Among the leadership were national chairman Lovemore Matombo, deputy president Thokhozani Khupe, secretary-general Tendai Biti, deputy treasurer-general Elton Mangoma, national organising secretary Ellias Mudzuri and spokesperson Nelson Chamisa.
As time ticked away before Tsvangirai took to the podium, the supporters became weary and instead of chanting the party slogans started complaining of hunger.
The supporters drowned the voice of Mudzuri who tried in vain to calm them, but normalcy returned when Chamisa took to the podium and started ridiculing Zanu PF and government departments.

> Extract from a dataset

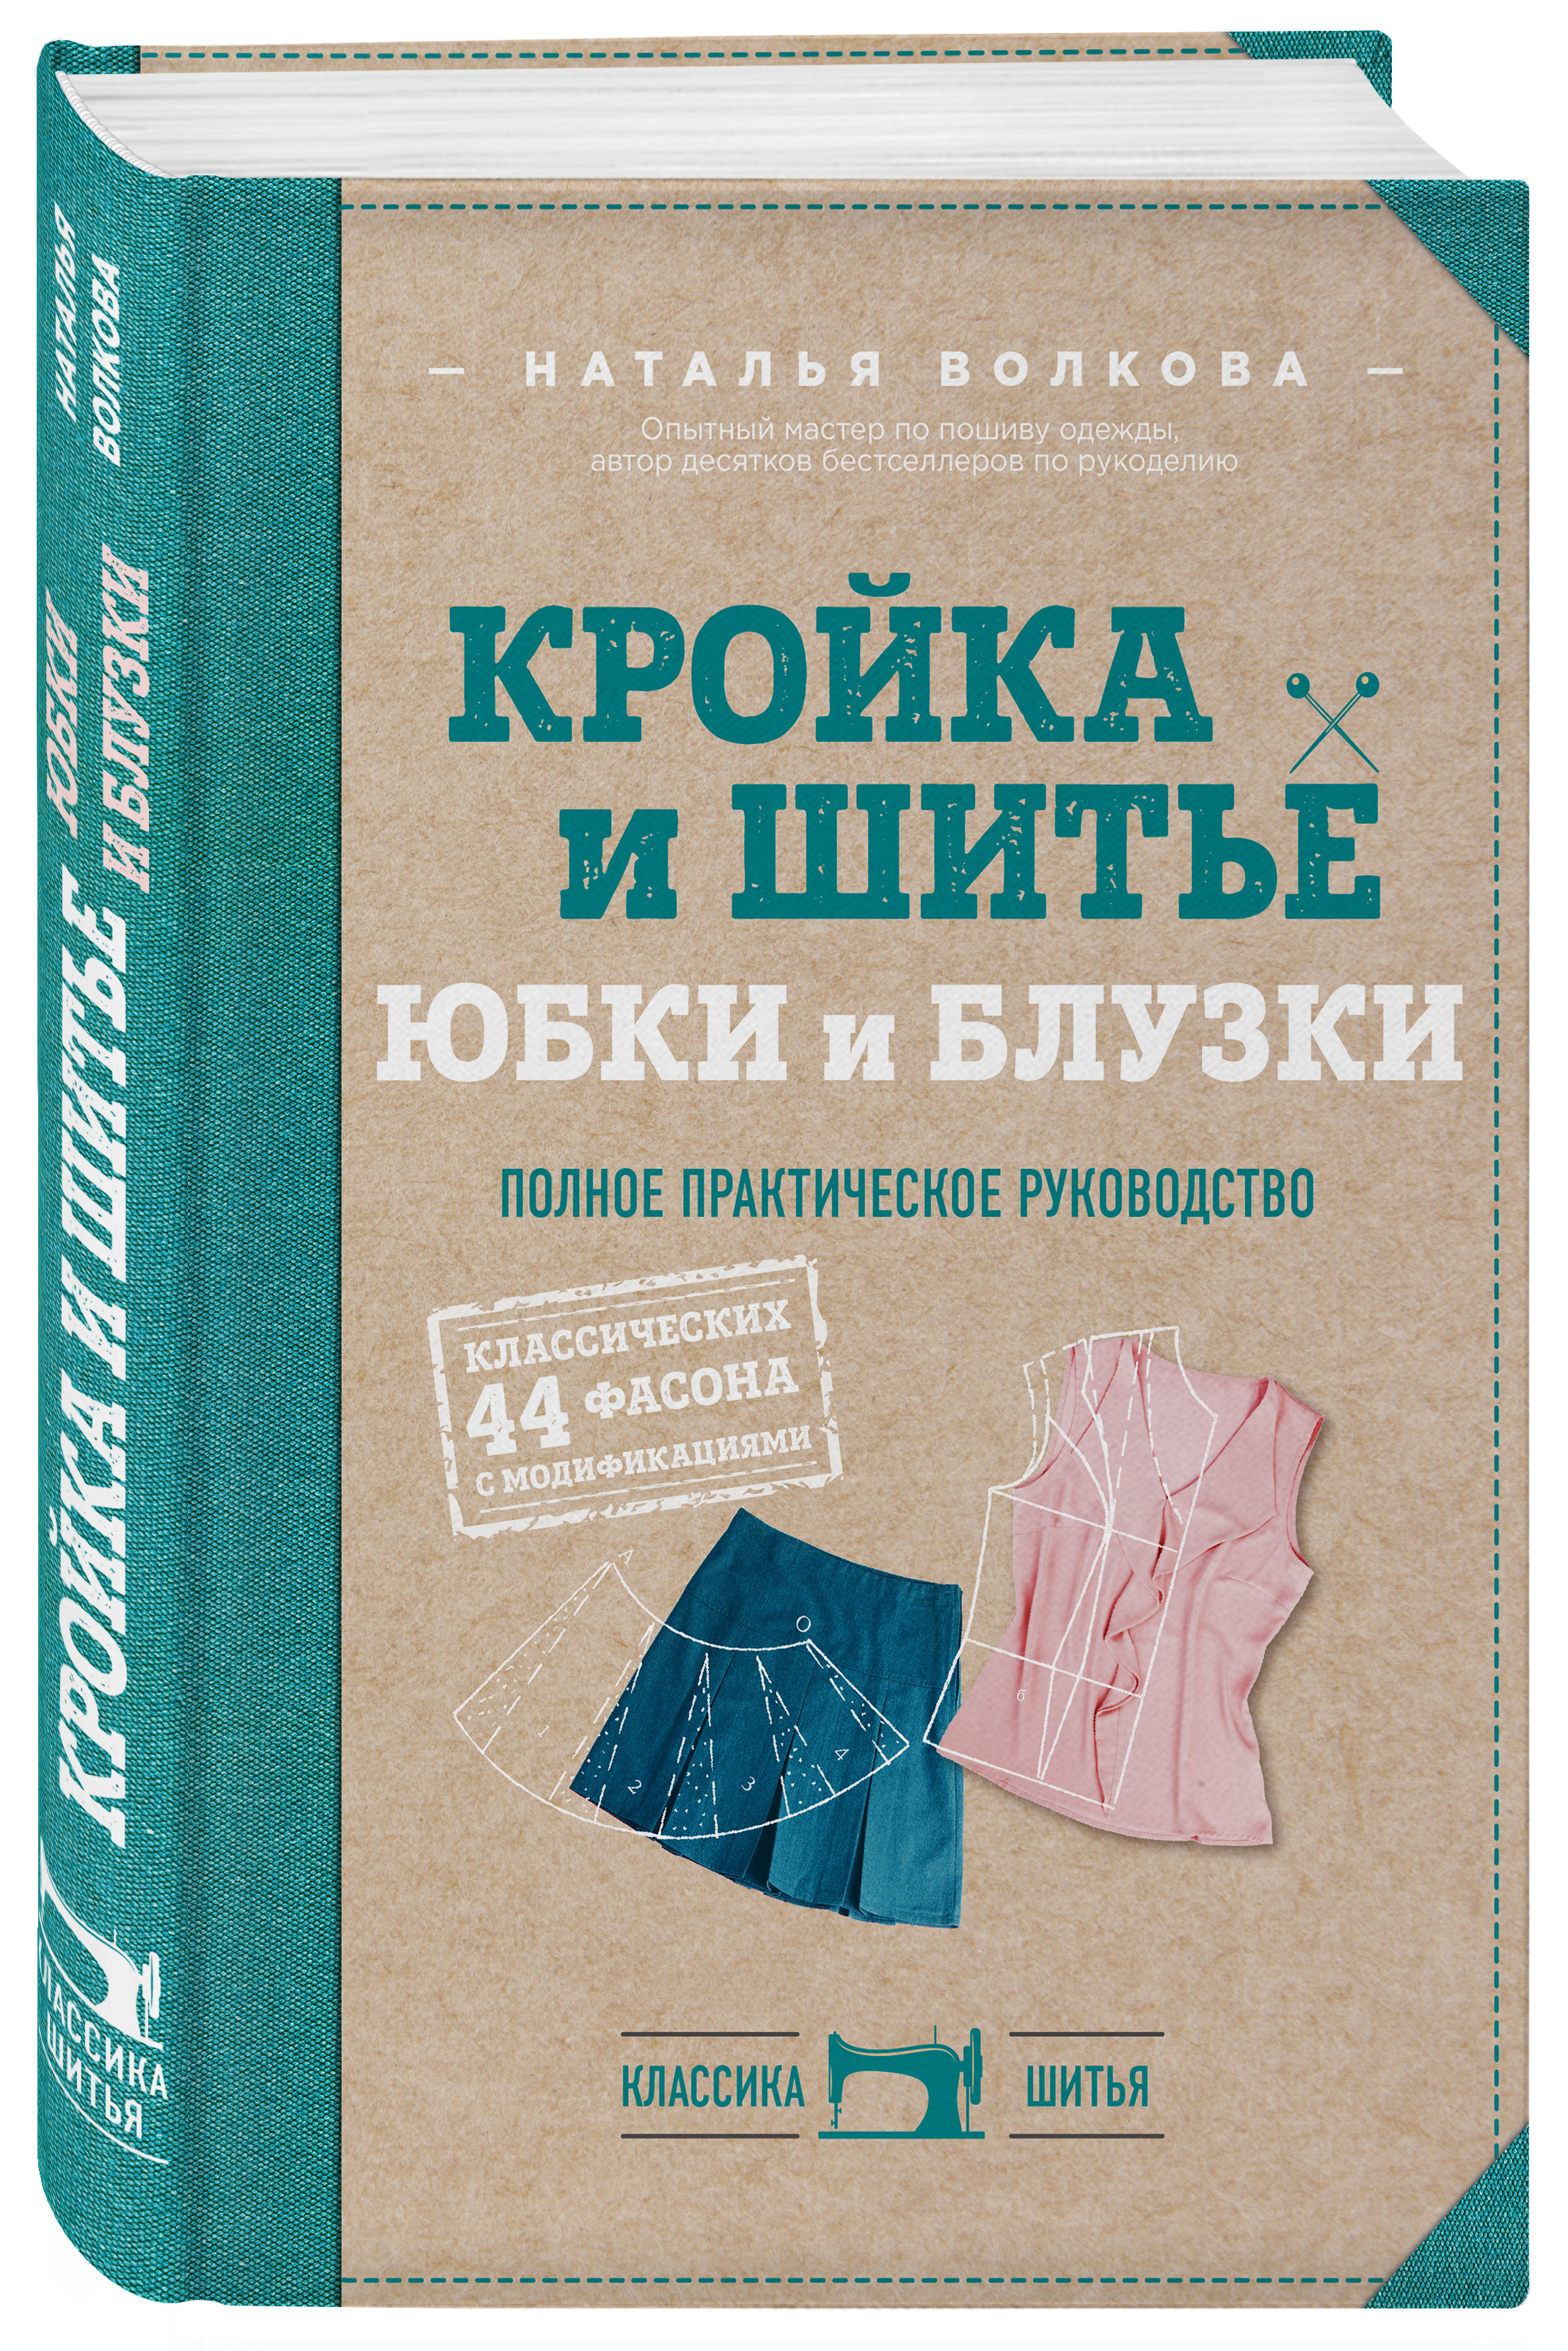 Волкова Н.В. Кройка и шитье. Юбки и блузки. Полное практическое руководство

Chamisa said: “I am happy that we have members of the CIO (Central Intelligence Organisation) here today. We welcome their presence at this celebration. One thing that they are also realising is that the direction in which the wind is blowing has since changed.

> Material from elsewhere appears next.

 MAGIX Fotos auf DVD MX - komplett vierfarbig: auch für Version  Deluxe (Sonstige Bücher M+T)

“The people of Zimbabwe want change and they want it now. Let us hope that the CIO guys who are here will go back and report what they saw here and not exaggerate the details and sentiments passed by the people of Zimbabwe.”
Biti, clad in flowing robes normally worn by West Africans, told the supporters that the MDC was demanding power-transfer from Mugabe to Tsvangirai in the Sadc-initiated negotiations being facilitated by South African President Thabo Mbeki.
“The MDC is advocating power-transfer as compared to the proposal for a transitional government. We have negotiated on a lot of things but I would like to point out that the principle of democracy is a non-negotiable principle,” Biti said amid clapping and ululation.
“The people of Zimbabwe spoke on March 29 and clearly stated that you were giving us the mandate to provide food, jobs, and many other things. You also gave us the authority and we will not let go of that which you gave us when you went and voted on March 29.”
He added that the crisis in the country was a result of a defective constitution that gives the president “too much” power.
“This constitution makes it a monarch to be a president. It gives the president excessive powers and we are saying it is an imperialistic constitution that needs to be overhauled,” said Biti. After Biti’s curtain-raiser, Tsvangirai was given the floor and was quick to say he would not sign an inclusive deal that does not recognise the “will of the people”.
Tsvangirai said the MDC had survived the past nine years despite several attempts by Zanu PF to destroy it.
“We are where we are today because of the resoluteness that Zimbabweans have shown in the fight against the dictatorship of Robert Mugabe and his Zanu PF members,” he said. “It is unprecedented in the history of Zimbabwe that a party survives infiltration and destruction and manages to survive for nine years.”
The former Zimbabwe Congress of Trade Unions president said the MDC had scored a number of successes, among them transforming from an opposition “to become the ruling party”.
“We are now able to set the agenda for the full freedom of the people of Zimbabwe. We said it in 1999 and 2000 that we will bring Zanu PF to the negotiating table and they thought we were joking. Where is Mugabe today?” Tsvangirai questioned.
The MDC leader said there was only one solution to the Zimbabwe crisis — dialogue — but insisted he would not sign a “bad deal” with Mugabe and the president of the smaller faction of the MDC, Arthur Mutambara.
“Tsvangirai’s signature belongs to the people of Zimbabwe. I cannot betray you by signing a deal that is not reflective of what you want. I am not blind to differentiate between a good and a bad deal,” Tsvangirai said. “On March 29, you declared that you wanted change and not cosmetic change. We are going to deliver that change to you.”
He criticised Mugabe for having opted to give him a prime ministerial post in which he did not have powers to hire and fire cabinet ministers.
“You cannot mess yourself and ask me to clean you up and then you want to dismiss me afterwards. In the same vein, if Mugabe wants me to clean up the mess, then he has to give me the power,” Tsvangirai told ecstatic supporters. “We have the keys to the resources. We have the people on our side, and time is also on our side. If he (Mugabe) does not want to cede power, he should stay there and we see where it will take us.”